Taking advantage of Freddy’s pop culture status, New Line chose to further the NOES brand with a syndicated TV series.  It’s interesting to hear Mick Garris, Tom McLoughlin and William Malone discuss how with nobody watching over them too closely, they worked with some racy subject matter during the Puritanical Reagan Era. (Check out Chadworth’s awesome commentary on the series)




Want the textbook definition of “development Hell?”  Welcome to the extensive background on FREDDY vs. JASON.  The fact that this film ever came to be is a miracle, even if I hate it.  Scores of writers and directors came and went before New Line gave birth to this blockbuster.

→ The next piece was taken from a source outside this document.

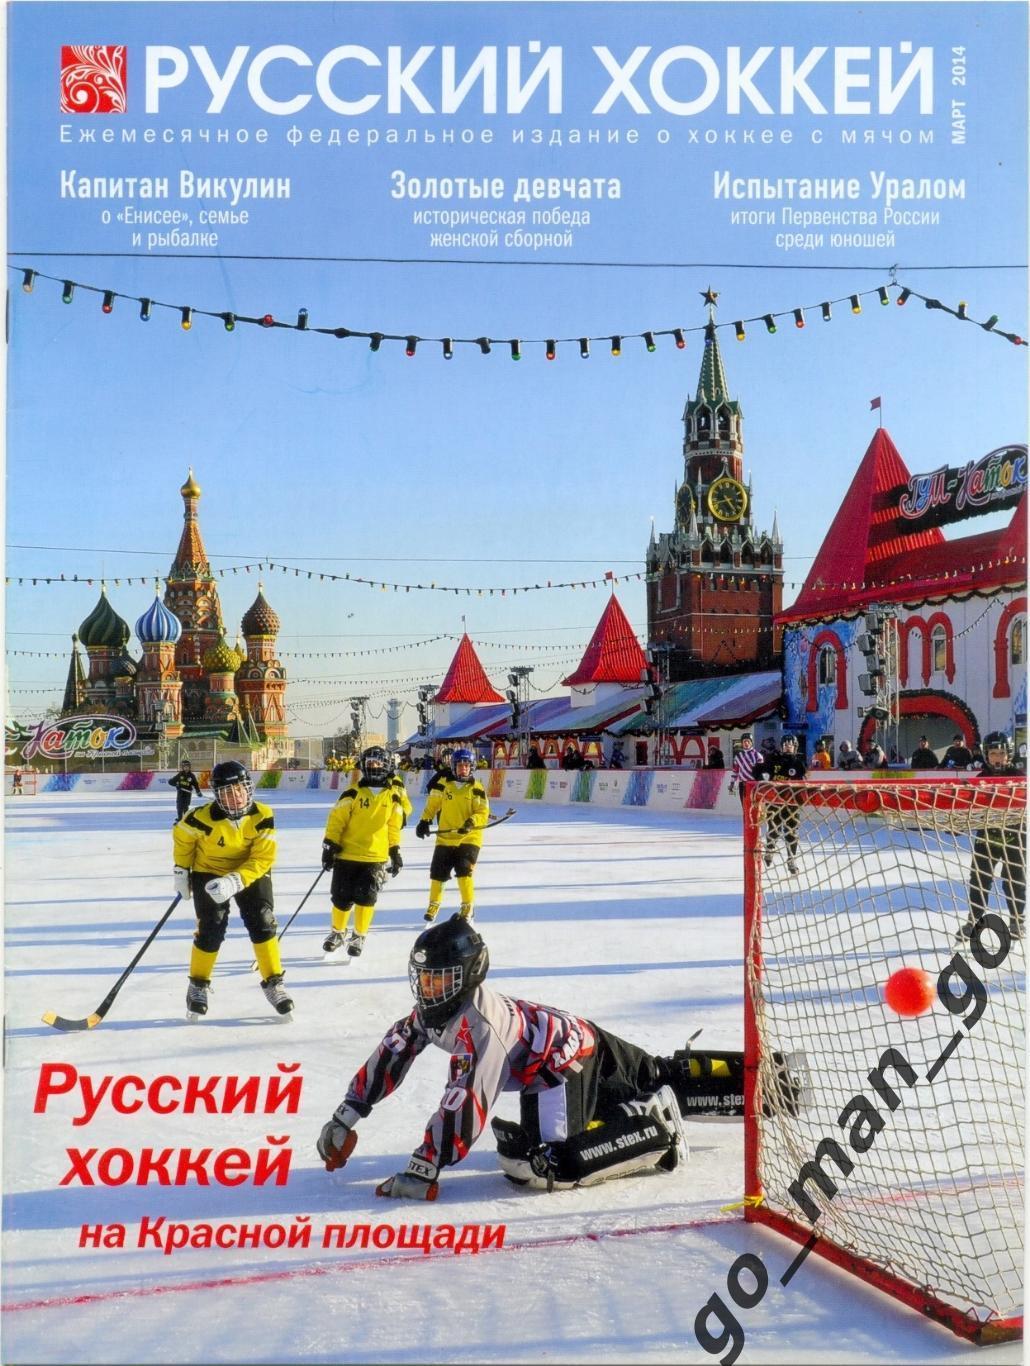 Журнал РУССКИЙ ХОККЕЙ, март 2014.

I hate to give such a superficial review, but NEVER SLEEP AGAIN is four hours long.  It would take me 47 pages to go in-depth about every part of it.  What I can say is this:  though I don’t really like the NOES series, I wanted to finish this doc.  The appeal was there, as the stories were all interesting, if not exactly my cup of tea.  Englund, Craven and Langenkamp alone would  have been enough allure for me; but when I’m listening to the mechanical effects guy talking about the bathtub effect in the first film and I’m enjoying myself, it’s obvious that the doc works for me.


Even with that said, the doc still suffers from its biggest problem:  its massive length. NEVER SLEEP covers every film and pop culture aspect of Freddy Krueger, but to do so it takes a marathon.  It took me four nights to finish, and even then, it was trying at times. I know I’m not the target audience, but I wonder if even the most dedicated Fred Head could watch this doc from start to finish.

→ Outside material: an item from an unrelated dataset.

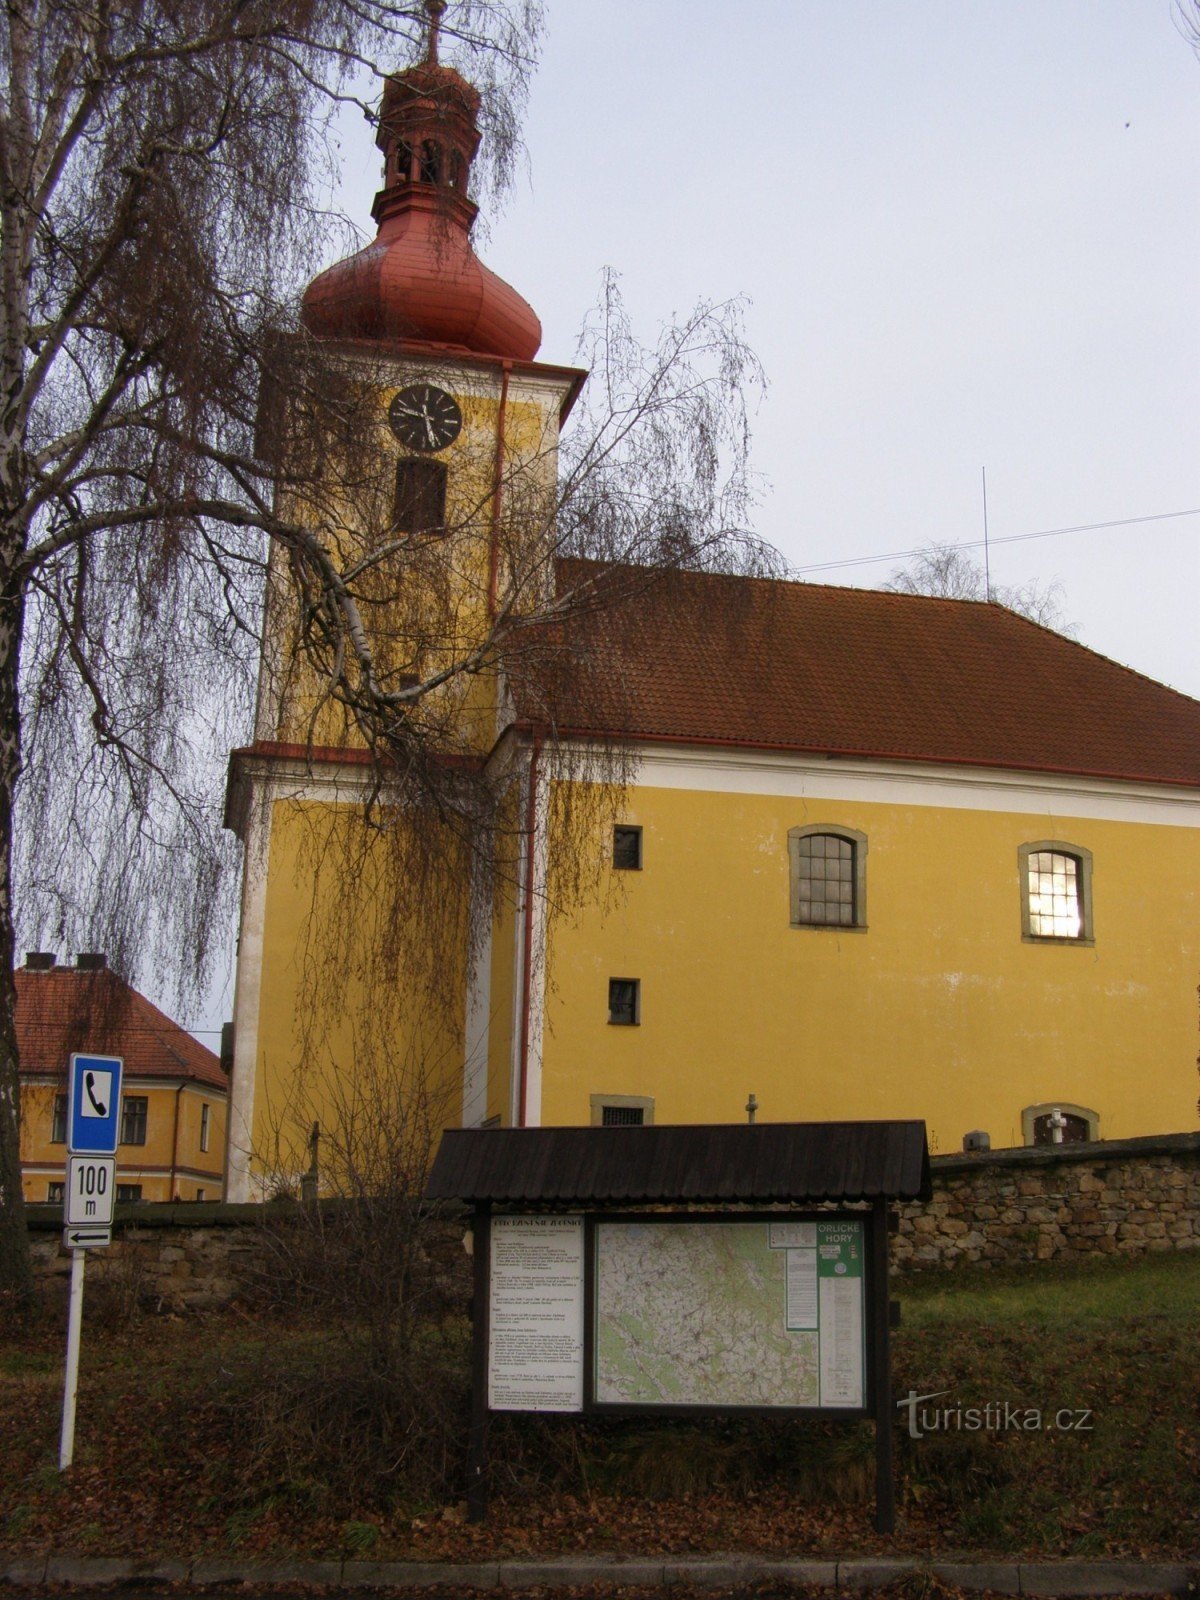 tourist crossroads - Rybná nad Zdobnicí, church

What will fans of the series be crying about?  Any comprehensive look is going to lack a few of the participants;  here you’re missing Johnny Depp and Arquette.  They’re talked about in abundance, but I’ll assume they’re far too famous to show up themselves.  Other than that, NEVER SLEEP AGAIN probably satisfies every Fred Head’s greatest… dreams.


Let’s be honest.  If you’re already a Fred Head, you got your copy of this flick the day it came out.  You’ve probably watched all the interviews more than once.  Maybe this review isn’t for you.  But for those who have even a passing interest in the NIGHTMARE ON ELM STREET franchise, give this a look after you’ve watched all the films, for the first time or as a refresher.  Then invest another 1 hour and 15 minutes in I AM NANCY.  That doc hasn’t nearly the breadth, but it’s a beautiful insight into one actress’ personal Elm Street legacy, and I applaud Heather Langenkamp for it.